(Dataset items)
━━━

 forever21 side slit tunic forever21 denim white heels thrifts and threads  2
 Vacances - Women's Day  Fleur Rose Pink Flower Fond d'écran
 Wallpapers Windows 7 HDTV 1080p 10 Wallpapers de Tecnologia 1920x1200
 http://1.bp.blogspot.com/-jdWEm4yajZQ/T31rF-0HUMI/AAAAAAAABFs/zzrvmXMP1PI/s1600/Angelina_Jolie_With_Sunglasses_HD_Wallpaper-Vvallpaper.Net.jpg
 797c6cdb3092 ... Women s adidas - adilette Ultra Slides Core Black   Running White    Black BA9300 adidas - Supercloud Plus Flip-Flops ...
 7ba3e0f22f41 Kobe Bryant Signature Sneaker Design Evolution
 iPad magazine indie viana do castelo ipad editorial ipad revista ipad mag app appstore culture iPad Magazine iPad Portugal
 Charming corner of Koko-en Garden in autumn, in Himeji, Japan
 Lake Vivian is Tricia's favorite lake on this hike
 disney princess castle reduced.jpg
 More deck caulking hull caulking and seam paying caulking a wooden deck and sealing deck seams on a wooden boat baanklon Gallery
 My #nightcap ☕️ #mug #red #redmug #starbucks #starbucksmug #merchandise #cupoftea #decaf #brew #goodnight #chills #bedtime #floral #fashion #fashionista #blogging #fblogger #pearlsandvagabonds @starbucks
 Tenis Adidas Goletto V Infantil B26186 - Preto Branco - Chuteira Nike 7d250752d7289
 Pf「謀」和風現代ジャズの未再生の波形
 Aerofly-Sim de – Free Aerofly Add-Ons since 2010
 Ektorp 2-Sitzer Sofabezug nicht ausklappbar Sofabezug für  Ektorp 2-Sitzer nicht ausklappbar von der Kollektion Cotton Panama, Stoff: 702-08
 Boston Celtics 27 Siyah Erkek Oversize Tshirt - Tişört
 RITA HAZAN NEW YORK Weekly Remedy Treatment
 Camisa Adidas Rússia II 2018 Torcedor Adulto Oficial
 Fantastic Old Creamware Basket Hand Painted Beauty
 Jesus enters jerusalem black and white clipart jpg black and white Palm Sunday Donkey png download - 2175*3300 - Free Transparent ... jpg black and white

━━━

• **Work instruction**
Above are the entries. Quote exactly the lines from the one bearing "Pf「謀」和風現代ジャズの未再生の波形" through the one bearing "Fantastic Old Creamware".

• **Your response**
 Pf「謀」和風現代ジャズの未再生の波形
 Aerofly-Sim de – Free Aerofly Add-Ons since 2010
 Ektorp 2-Sitzer Sofabezug nicht ausklappbar Sofabezug für  Ektorp 2-Sitzer nicht ausklappbar von der Kollektion Cotton Panama, Stoff: 702-08
 Boston Celtics 27 Siyah Erkek Oversize Tshirt - Tişört
 RITA HAZAN NEW YORK Weekly Remedy Treatment
 Camisa Adidas Rússia II 2018 Torcedor Adulto Oficial
 Fantastic Old Creamware Basket Hand Painted Beauty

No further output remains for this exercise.